Last Friday, Jenn and I decided to get some skating practice at the tennis courts near her house. It was a rare sunny day, so we got to practice drills without the interference of a bunch of kids around. Granted, we’re not technically allowed to skate on the tennis courts, but hopefully the neighbors won’t mind.

The next day, we celebrated my birthday with a bunch of friends by going to watch the DC Rollergirls bout. I’ve finally started understanding the rules and recognizing some of the techniques the skaters are using, which makes watching the bouts a lot more fun. However, I can now differentiate between the few skills I recognize and can do and … well, everything else. Let’s just say derby looked a lot easier when I didn’t know anything about it.


I’m even more motivated to practice than I was at the start, but I somehow managed to tweak my back pretty badly this week. Between shoveling snow, sleeping on an old mattress and teaching four yoga classes on Monday, it hasn’t gotten better. Now, I’m sitting at home in so much pain folding laundry is nearly impossible, which means skating tonight is probably out of the question.

To make matters worse, I discovered the next Charm School is on the same date and time as a presentation I promised to give two months ago. Even though Charm School is only two hours, that time practicing with the big kids is pretty important. The feedback they give is so much more helpful than just skating around on my own. Seeing them do the stops and drills and mimicking their form (a lot like how I learned yoga at the very beginning) really helped me gain some confidence on my skates. With this being the only remaining Charm School between now and tryouts on March 1, I’m pretty gutted about missing it, but obviously I need to keep the commitment I made.

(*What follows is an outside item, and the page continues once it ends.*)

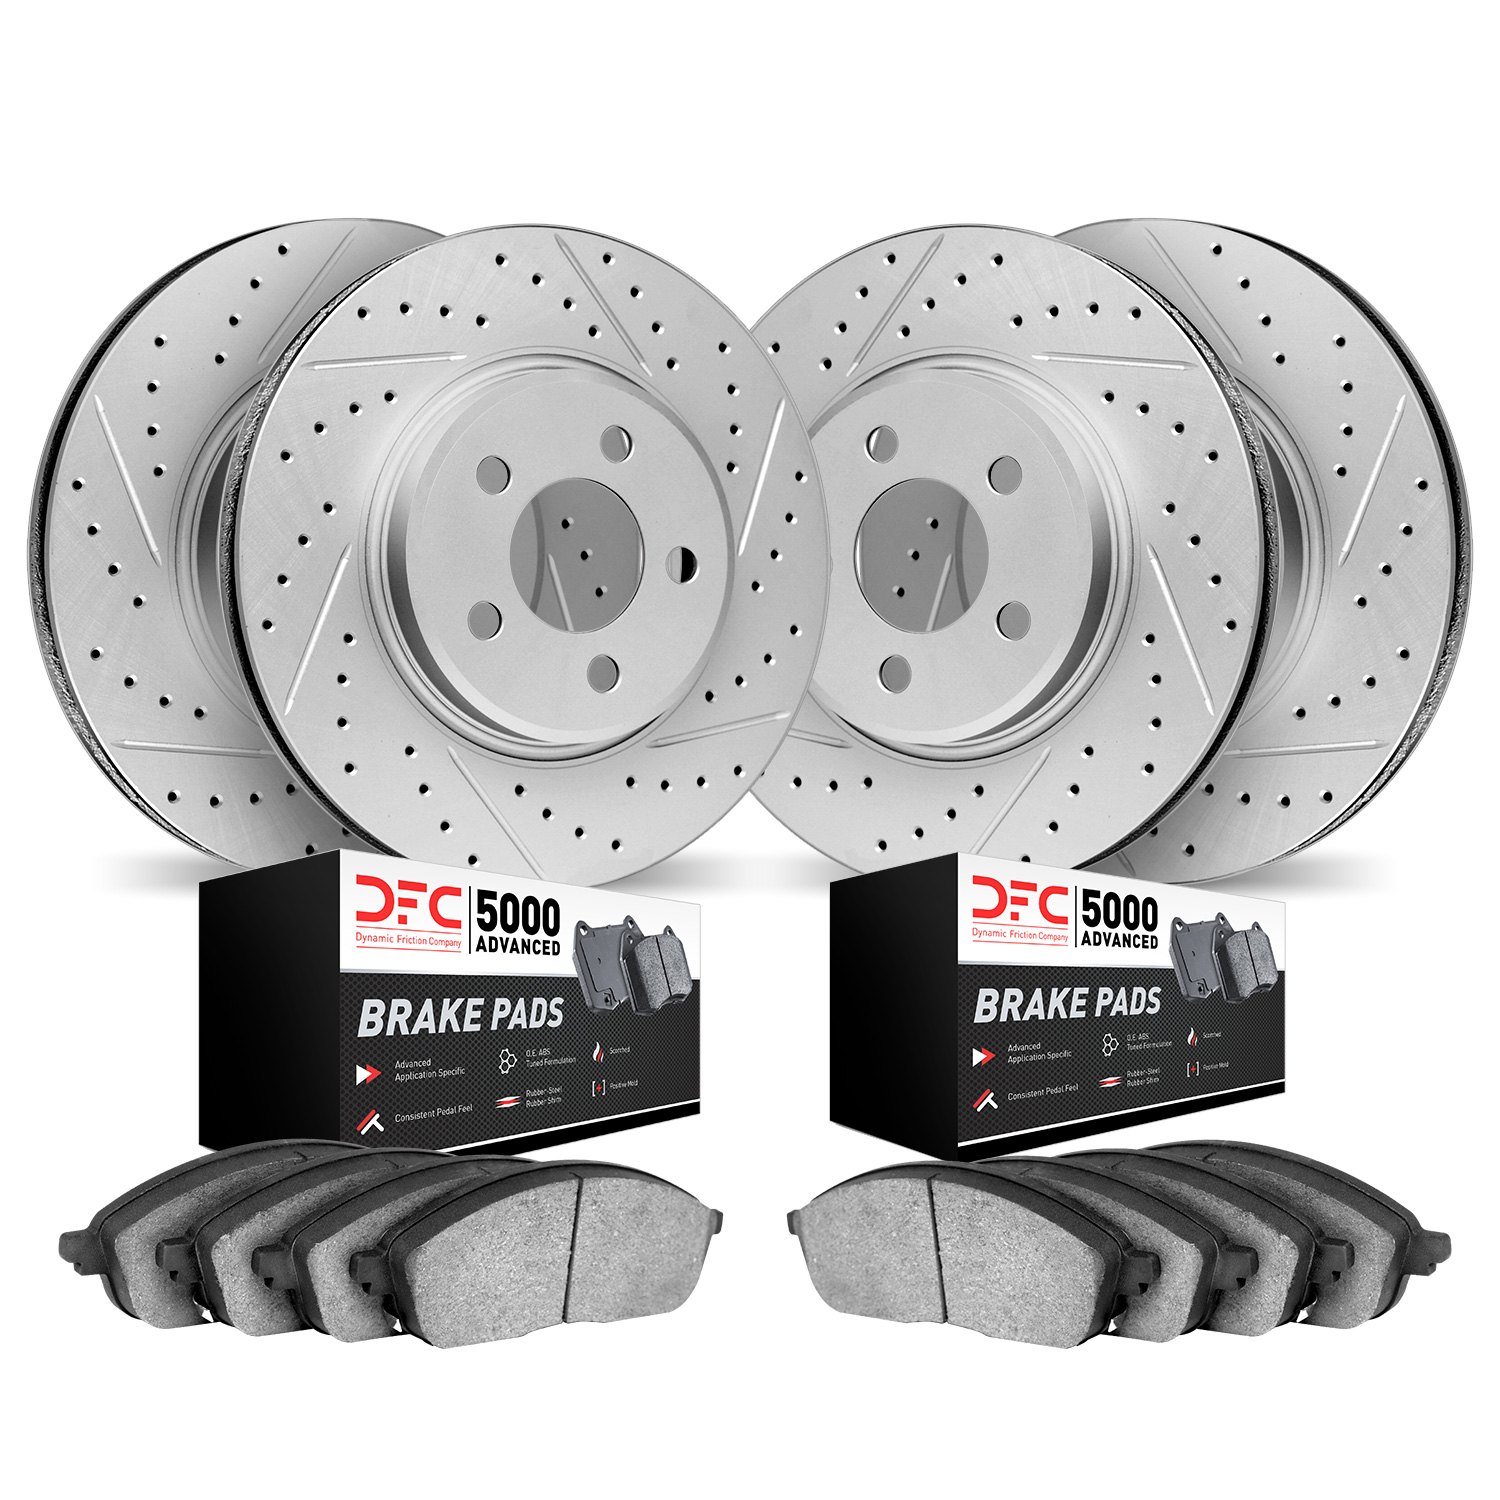 2504-63004 Geoperformance Drilled/Slotted Rotors w/5000 Advanced Brake Pads Kit, 2018-2019 Mercedes-Benz, Position: Front and Re

BUT THERE’S HOPE! Turns out the DC Rollergirls are starting their rec league, soon, which involves a series of class/practices that seem like a good place to learn. So the executive decision for this week is to stay home, take some Ibuprofen, plan my presentation, and commit to participating in the DC events in February. Now, if you’ll excuse me, I’m going to watch cartoons in an attempt to stop feeling pain for the next several hours.